Accertamento imposte sui redditi e IVA – Accerta¬mento – Avviso di accertamento – Accettazione dell’eredità con beneficio di inventario da parte di minore – L’accettante diviene soggetto passivo d’imposta – Legittimazione a ricevere la notifica dell’avviso di accertamento emesso a carico del dante causa – Sussiste.
L’accettazione dell’eredità con beneficio d’inventario comporta che il minore accettante, a parte la distinzione del patrimonio del defunto da quello dell’erede ai sensi dell’art. 490, primo comma, c.c. (con tutte le conseguenze indicate nel secondo comma della stessa disposizione), diventa erede a tutti gli effetti di legge e, quindi, anche soggetto passivo d’imposta, ed è perciò pienamente legittimato a ricevere la notificazione dell’avviso d’accertamento emesso in relazione a redditi non dichiarati dal suo dante causa.
[Corte di Cassazione, sez. trib. (Pres. Bielli, rel. Nonno), 6 ottobre 2017, sent. n. 23389, ric. Agenzia delle entrate]
RILEVATO CHE – 1. con ricorso notificato il 07/11/2011 l’Agenzia delle entrate ha proposto ricorso per cassazione avverso la sentenza della CTR dell’Emilia Romagna n. 73/18/2010, confermativa della sentenza della CTP di Forlì n. 202/04/2007, che, accogliendo l’impugnazione del contribuente, ha annullato l’avviso di accertamento IVA, IRPEF ed IRAP n. …/2007 notificato al minore D.A.E. quale unico erede di D.A.D., deceduto il 14/02/2001, e concernente l’anno d’imposta 2001;
2. con il menzionato avviso di accertamento, era stato accertato un reddito d’impresa a fini IRPEF ed IRAP non dichiarato da D.A.D. ed induttivamente determinato dall’Ufficio sulla base dei dati e delle notizie comunque raccolti o venuti a sua conoscenza, nonché una maggiore IVA non versata;
3. l’avviso di accertamento veniva annullato dalla CTR in quanto non poteva ritenersi acquisita da D.A.E., accettante con beneficio d’inventario, la qualità di erede, non risultando il perfezionamento dell’accettazione definitiva dell’eredità, né il possesso dei beni, né la legittimazione passiva dello stesso ai sensi dell’art. 536 c.c.;
3.1. in definitiva, la CTR ha ritenuto che il contribuente non è soggetto passivo d’imposta, non risultando, infatti, «che, entro un anno dalla maggiore età, abbia manifestato la volontà di accettare l’eredità per la quale la madre aveva fatto redigere l’inventario»;
4. il controricorrente non si è costituito in giudizio.
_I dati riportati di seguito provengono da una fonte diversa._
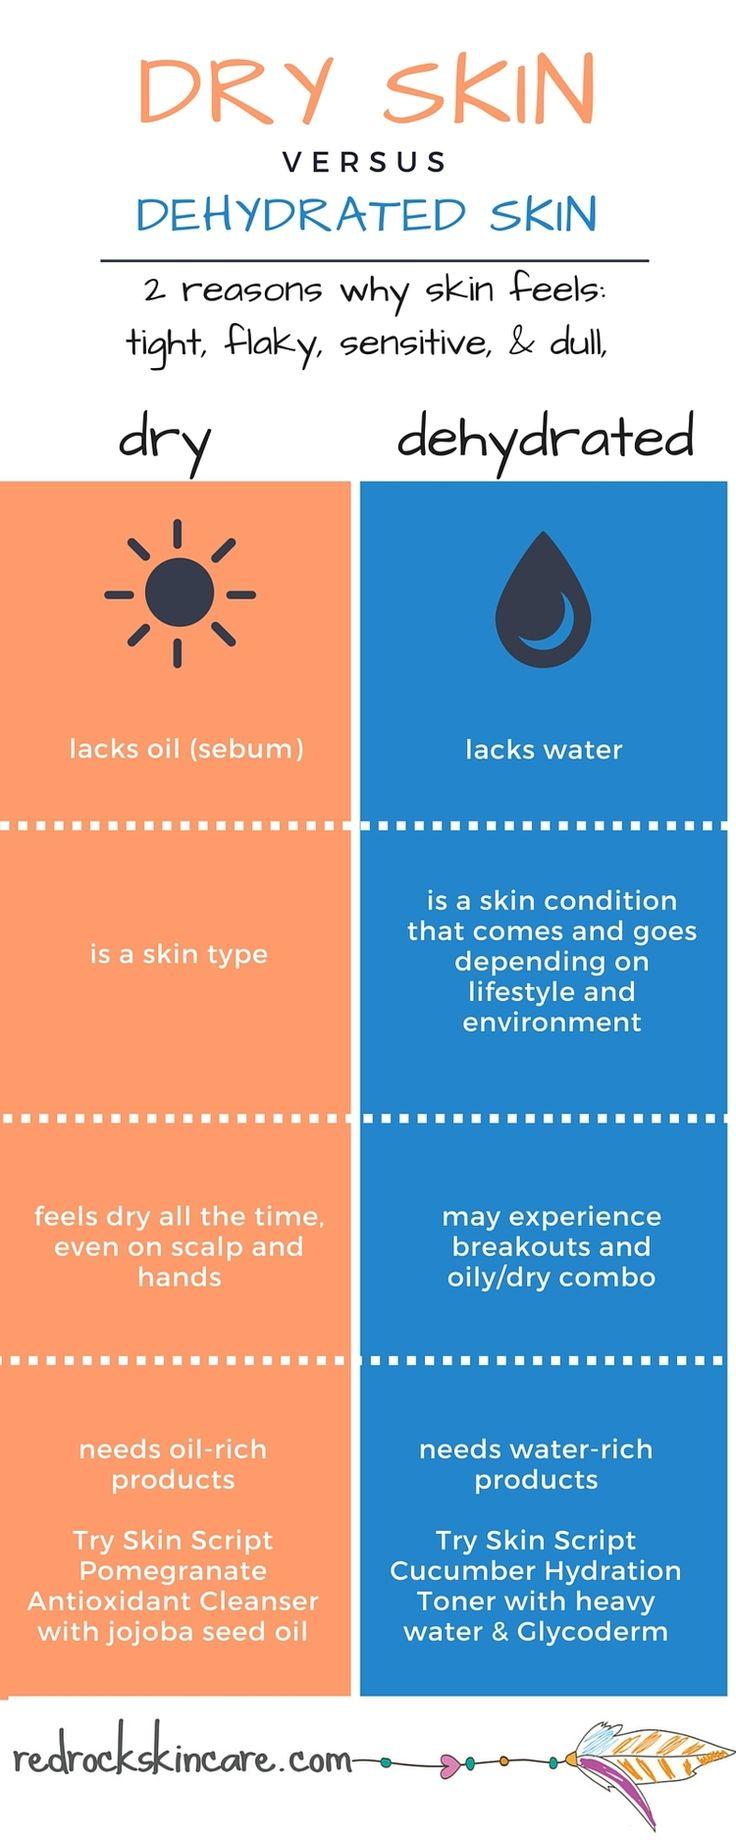 dry-skin-versus-dehydrated-skin

CONSIDERATO CHE – 1. con il primo motivo di ricorso la ricorrente deduce la violazione degli artt. 2 e 484 cod. civ. in relazione all’art. 360, primo comma, n. 3, cod. proc. civ. in quanto, essendo pacifico che D.A.E. ha accettato l’eredità del defunto D.A.D. con beneficio d’inventario, egli è soggetto passivo d’imposta e pienamente legittimato a ricevere la notifica dell’avviso di accertamento, non avendo rinunciato all’eredità entro l’anno dal raggiungimento della maggiore età;
2. con il secondo motivo di ricorso la ricorrente deduce la violazione degli artt. 471, 489 e 490 cod. civ. sempre in relazione all’art. 360, primo comma, n. 3, cod. proc. civ. in quanto la sentenza impugnata deduce la carenza di legittimazione passiva di D.A.E. dalla circostanza che non risulterebbe fornita la prova dell’accettazione dell’eredità da parte di quest’ultimo, mentre è onere dello stesso, che ha acquisito la qualità di erede con l’accettazione beneficiata, fornire giudizialmente la prova di avervi rinunciato nel termine di un anno dal raggiungimento della maggiore età;
3. i due motivi, entrambi involgenti la questione della legittimazione passiva di D.A.E., possono essere congiuntamente esaminati e sono fondati;
3.1. non è dubbio che il minore può accettare l’eredità solo con beneficio d’inventario (471 cod. civ.) e, nel caso di specie, è pacifico che D.A.E. abbia accettato in tal guisa l’eredità paterna e che sia stato redatto l’inventario, come si evince chiaramente dalla sentenza della CTR;
l’accettazione con beneficio d’inventario comporta che l’accettante, a parte la distinzione del patrimonio del defunto da quello dell’erede ai sensi dell’art. 490, primo comma, cod. civ. (con tutte le conseguenze indicate nel secondo comma della menzionata disposizione), diventa erede a tutti gli effetti di legge e, quindi, anche soggetto passivo d’imposta ed è pienamente legittimato a ricevere la notifica dell’avviso d’accertamento;
ha errato, pertanto, la CTR non solo a ritenere la carenza di legittimazione di D.A.E., ma a reputare altresì necessaria la prova dell’accettazione dell’eredità da parte di quest’ultimo, atteso che, da un lato, l’accettazione (sia pure beneficiata) vi è già stata e, dall’altro, non trova applicazione in ipotesi l’art. 489 cod. civ., per il quale il minore decade dal diritto ad accettare l’eredità con beneficio d’inventario se, entro l’anno dal raggiungimento della maggiore età, non si sia conformato alle disposizioni codicistiche in materia (che presuppongono, appunto, l’assenza di accettazione);
4. la sentenza della CTR va, pertanto, cassata, e la causa può essere decisa nel merito, non essendovi bisogno di ulteriori accertamenti, con il rigetto dell’impugnazione proposta da D.A.E. avverso l’avviso di accertamento n. …/2007;
4.1. il ricorrente, infatti, si era limitato ad eccepire di non essere tenuto, in quanto erede beneficiato, al pagamento dei debiti ereditari e dei legati ultra vires, ma tale circostanza, oltre che mai contestata dall’Agenzia delle entrate, riguarda i profili esecutivi e non già l’an debeatur;
5. le spese del presente giudizio, liquidate come in dispositivo tenuto conto dell’effettivo valore della lite, compreso nello scaglione che va da euro 1.100,01 ad euro 5.200,00, vanno poste a carico della parte controricorrente, mentre sussistono giusti motivi, in ragione delle questioni di diritto affrontate, per compensare tra le parti le spese dei precedenti gradi di giudizio.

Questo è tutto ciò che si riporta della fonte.